Четверть часа спустя он уже входил в особняк на улице Эльдер.
Когда он спешивался, ему показалось, что за оконной занавеской мелькнуло бледное лицо графа де Морсер; он со вздохом отвернулся и прошел в свой флигель.
С порога он окинул последним взглядом всю эту роскошь, которая с самого детства услаждала его жизнь; он в последний раз взглянул на свои картины. Лица на полотнах, казалось, улыбались ему, а пейзажи словно вспыхнули живыми красками.
Затем он снял с дубового подрамника портрет своей матери и свернул его, оставив золоченую раму пустой.
После этого он привел в порядок свои прекрасные турецкие сабли, свои великолепные английские ружья, японский фарфор, отделанные серебром чаши, художественную бронзу с подписями Фешера и Бари; осмотрел шкафы и запер их все на ключ; бросил в ящик стола, оставив его открытым, все свои карманные деньги, прибавив к ним множество драгоценных безделушек, которыми были полны чаши, шкатулки, этажерки; составил точную опись всего и положил ее на самое видное место одного из столов, убрав с этого стола загромождавшие его книги и бумаги.
В начале этой работы его камердинер, вопреки приказанию Альбера не беспокоить его, вошел в комнату.
– Что вам нужно? – спросил его Альбер, скорее грустно, чем сердито.
– Прошу прощения, сударь, – отвечал камердинер, – правда, вы запретили мне беспокоить вас, но меня зовет граф де Морсер.
– Ну так что же? – спросил Альбер.
– Я не посмел отправиться к графу без вашего разрешения.
– Почему?
– Потому что граф, вероятно, знает, что я сопровождал вас на место дуэли.
– Возможно, – сказал Альбер.
– И он меня зовет, наверное, чтобы узнать, что там произошло.
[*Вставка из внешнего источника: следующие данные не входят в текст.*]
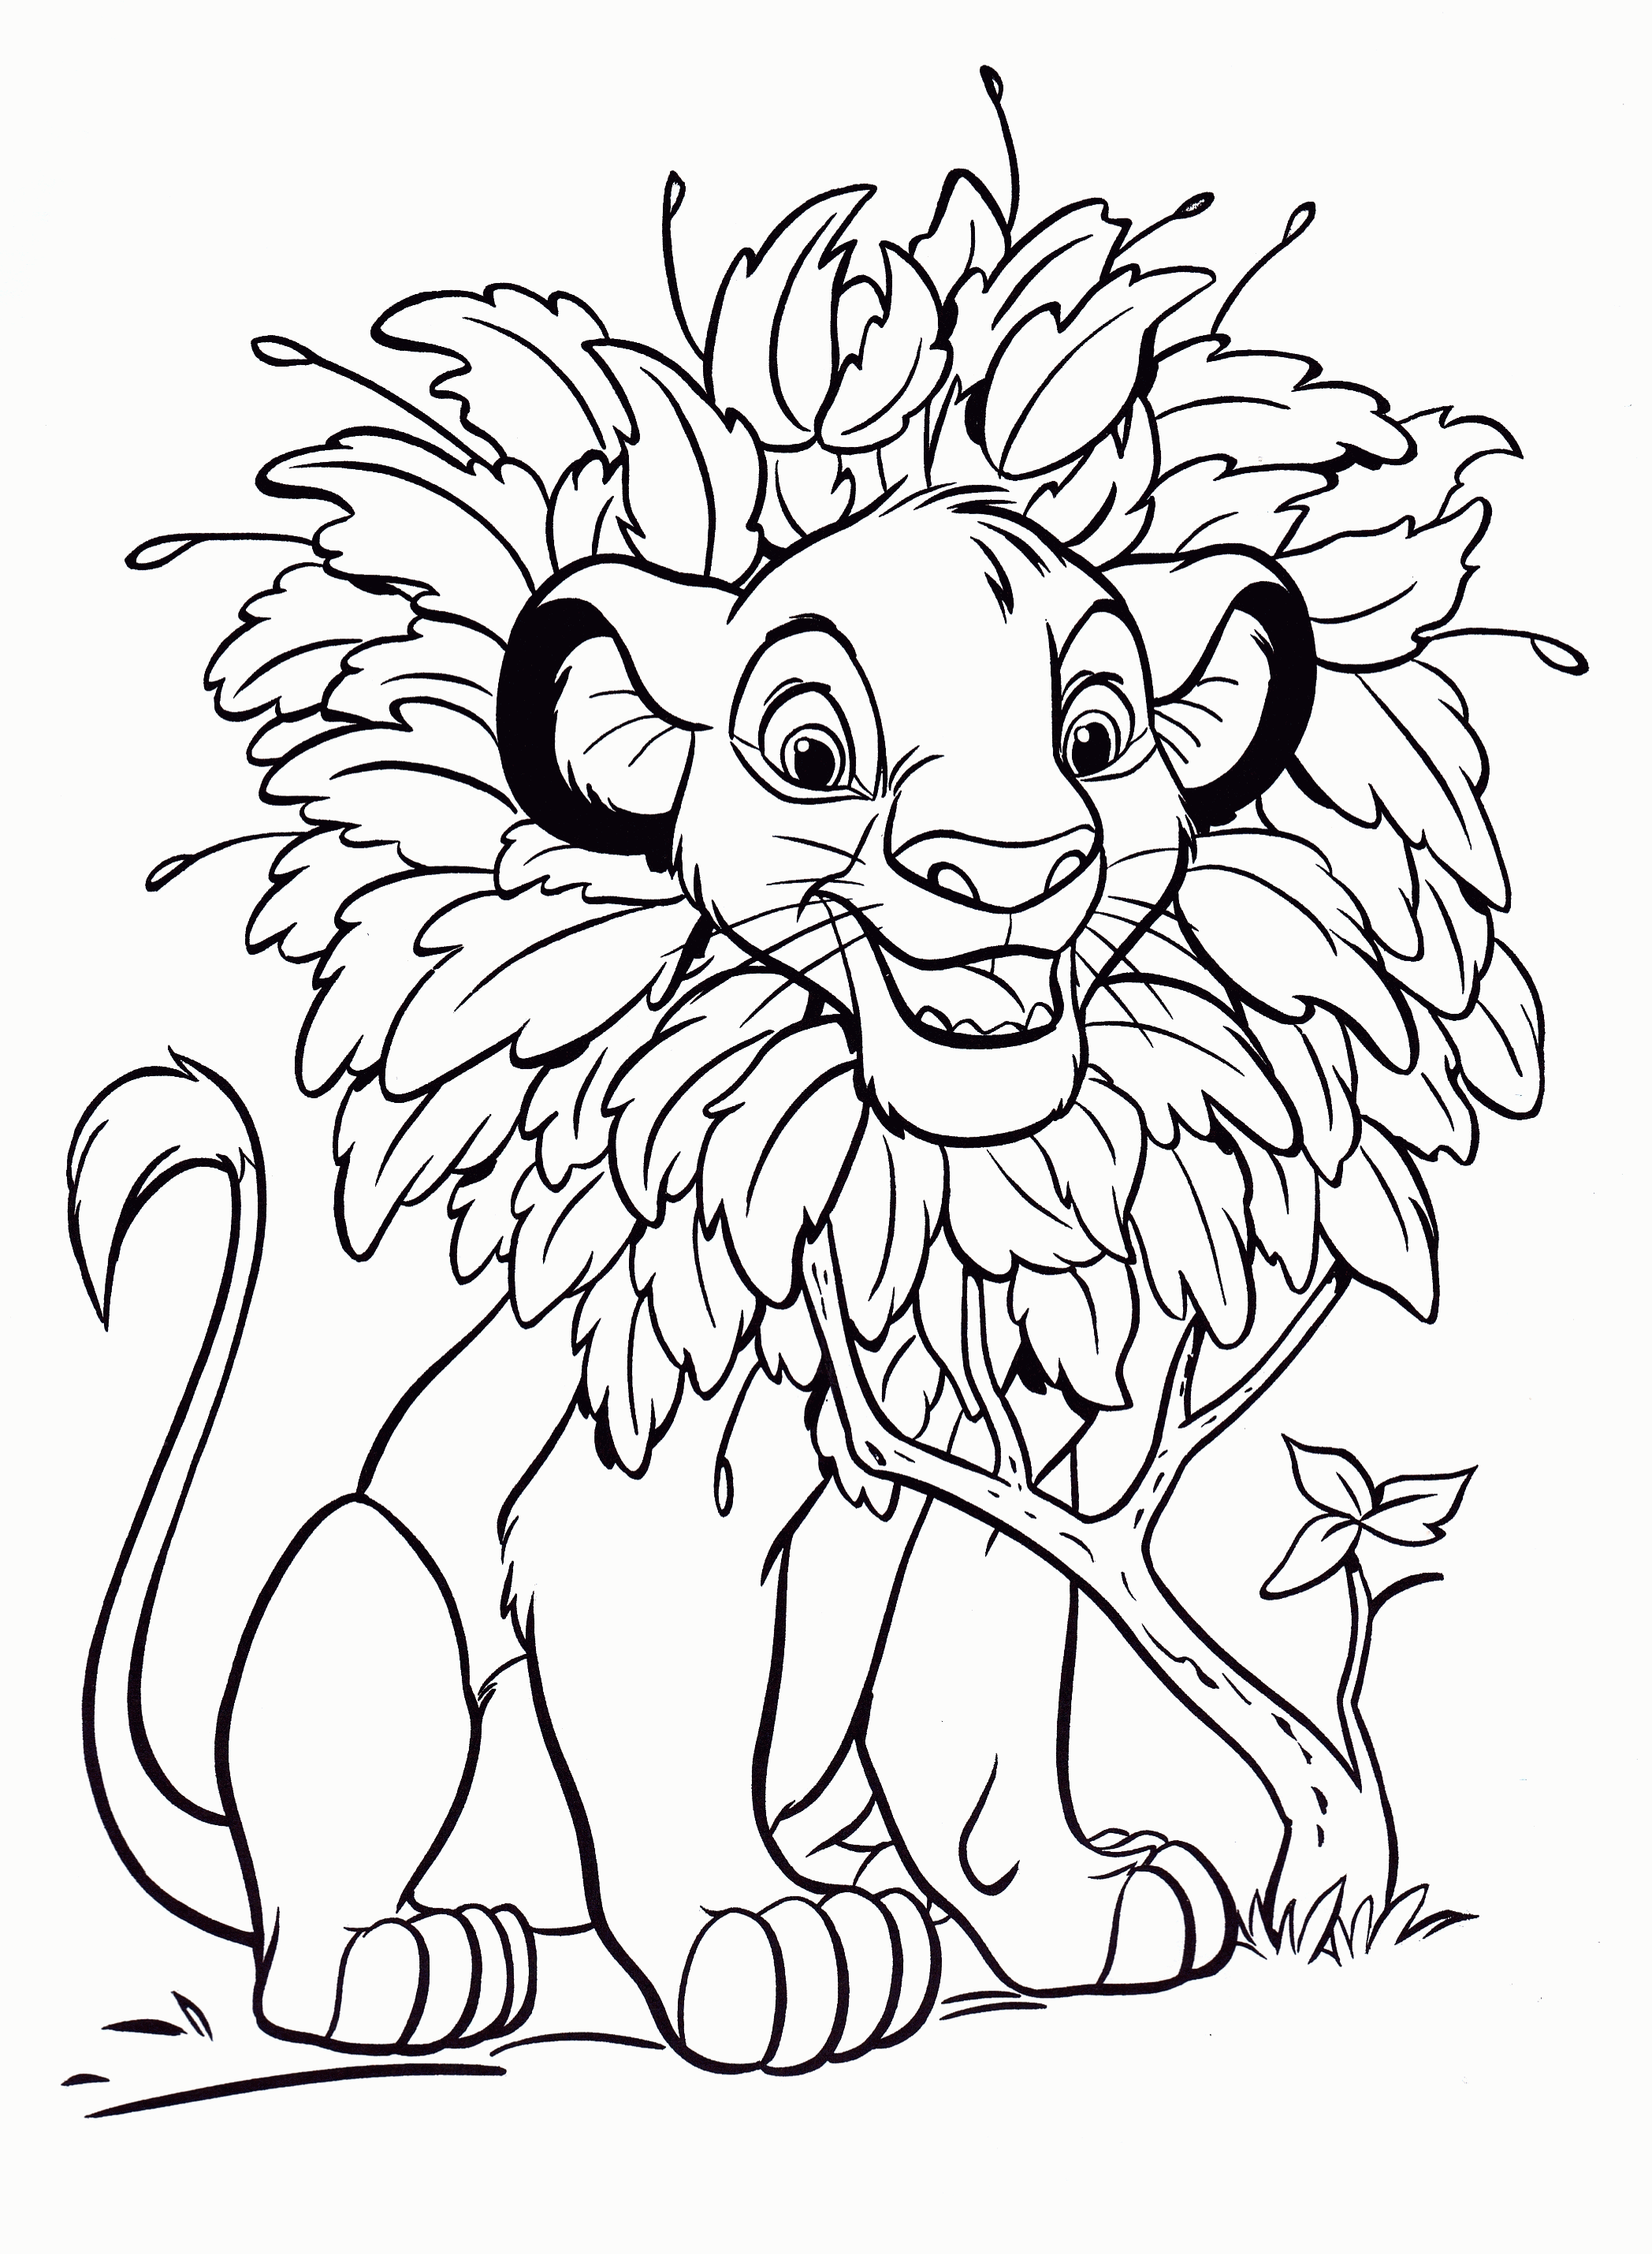 Coloring Book Pages Disney Characters | Coloring - Clip Art Library

Что прикажете ему ответить?
– Правду.
– Так я должен сказать, что дуэль не состоялась?
– Вы скажете, что я извинился перед графом Монте-Кристо; ступайте.
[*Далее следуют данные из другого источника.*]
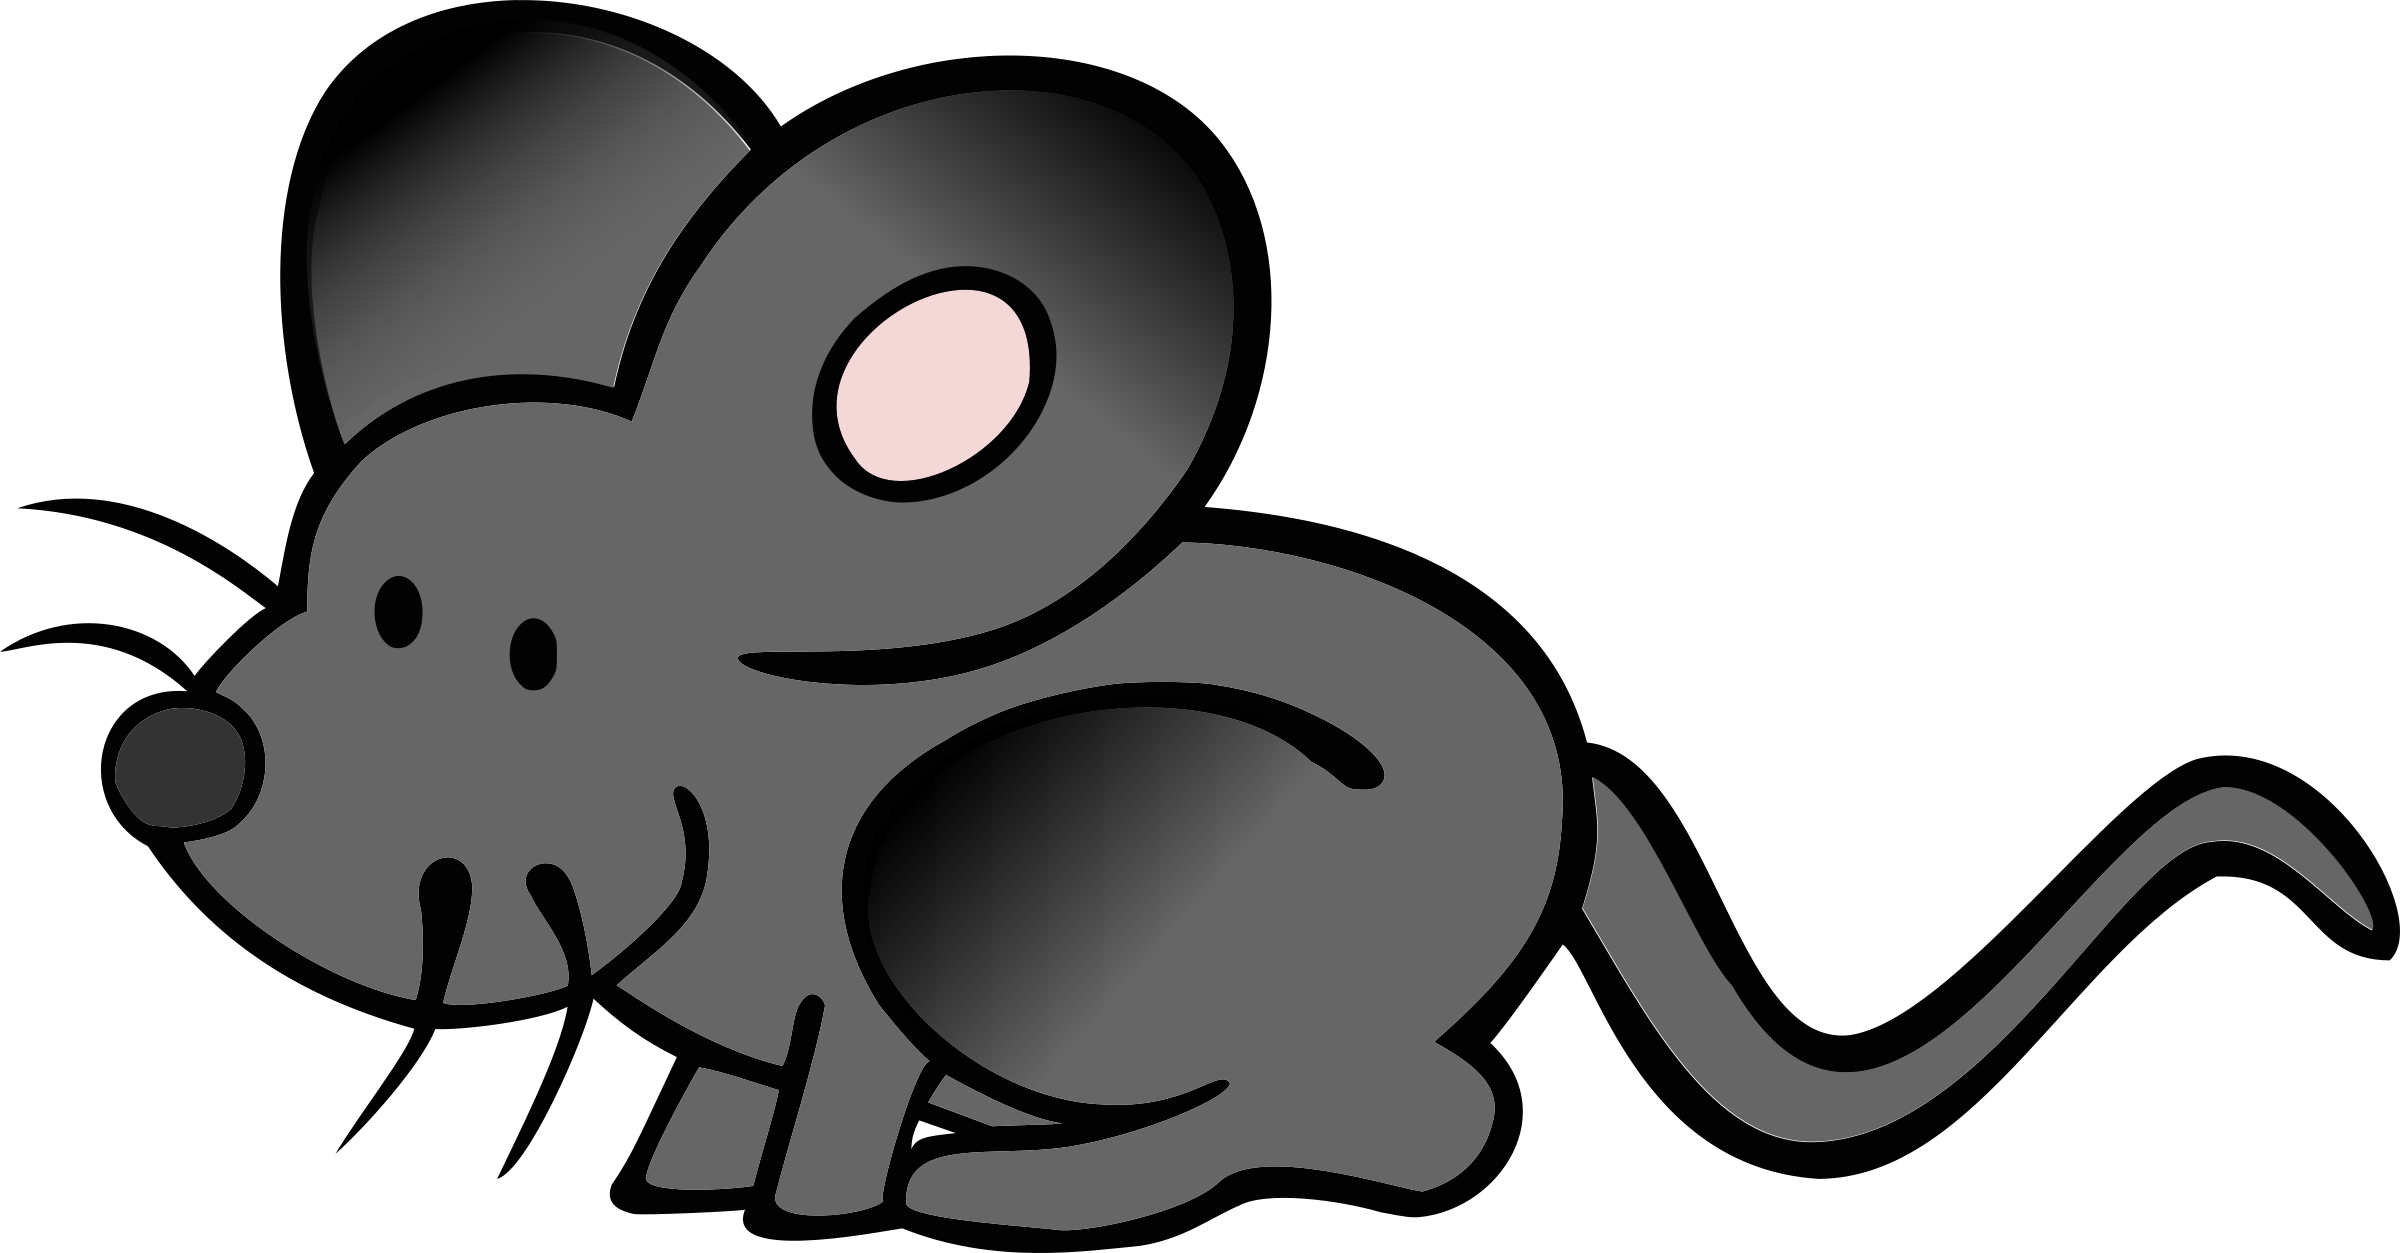 Cartoon mouse image group. Nature clipart animal

Камердинер поклонился и вышел.
Альбер снова принялся за опись.
Когда он уже заканчивал свою работу, его внимание привлек топот копыт во дворе и стук колес, от которого задребезжали стекла; он подошел к окну и увидел, что его отец сел в коляску и уехал.
Не успели ворота особняка закрыться за графом, как Альбер направился в комнаты своей матери; не найдя никого, чтобы доложить о себе, он прошел прямо в спальню Мерседес и остановился на пороге, взволнованный тем, что он увидел.
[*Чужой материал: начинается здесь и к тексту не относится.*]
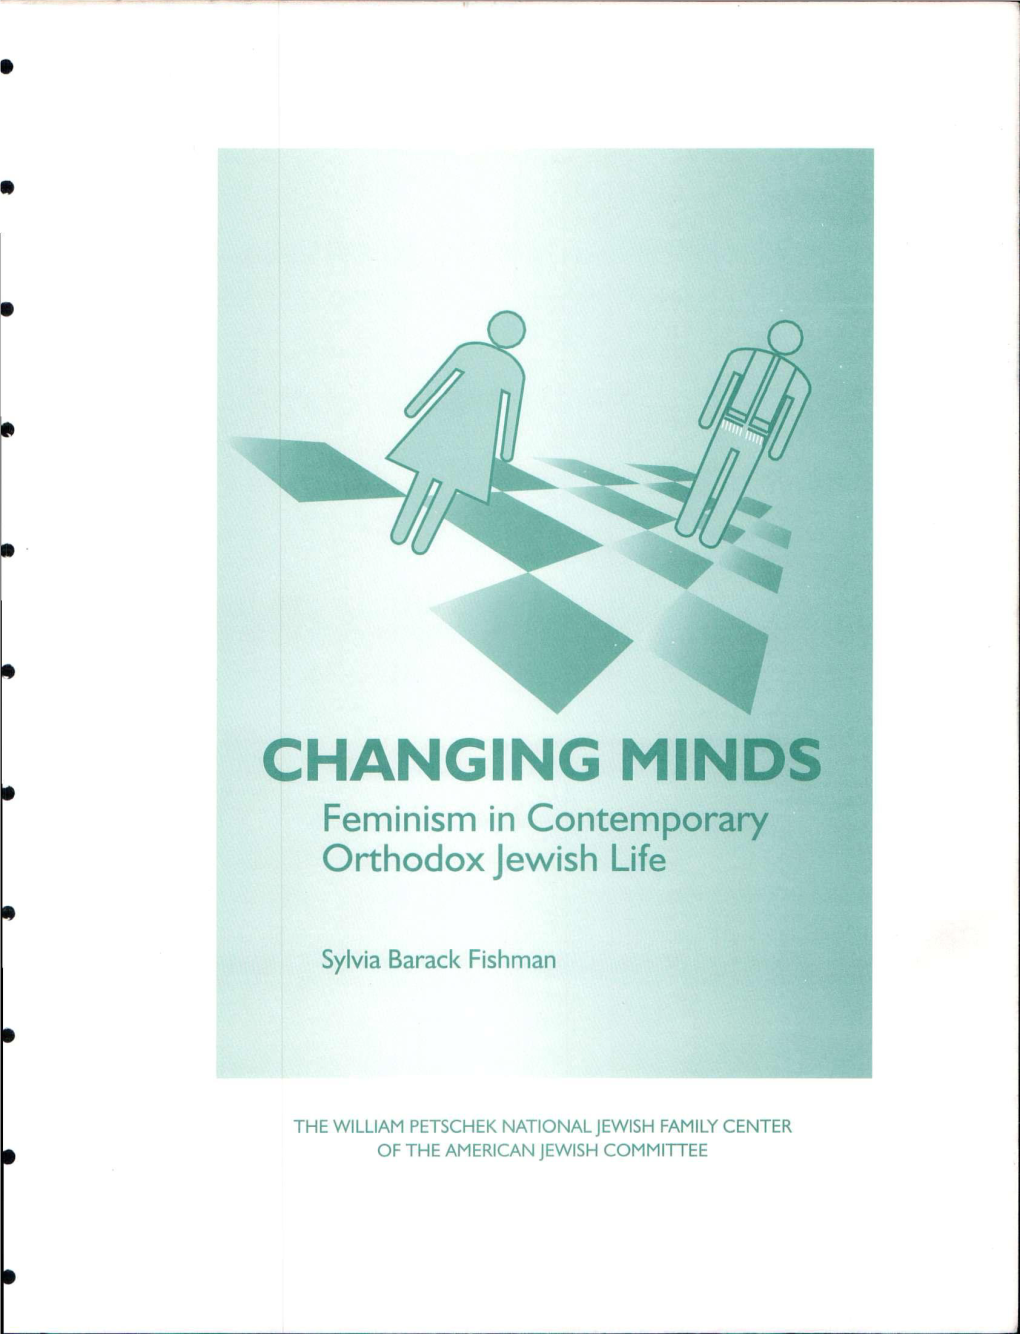 CHANGING MINDS Feminism in Contemporary Orthodox Jewish Life

Словно у матери и сына была одна душа: Мерседес была занята тем же, чем только что был занят Альбер.
Все было убрано; кружева, драгоценности, золотые вещи, белье, деньги были уложены по шкафам, и Мерседес тщательно подбирала к ним ключи.
Альбер увидел эти приготовления; он все понял и, воскликнув: «Мама!», кинулся на шею Мерседес.
Художник, который сумел бы передать выражение их лиц в эту минуту, создал бы прекрасную картину.
Готовясь к смелому шагу, Альбер не страшился за себя, но приготовления матери испугали его.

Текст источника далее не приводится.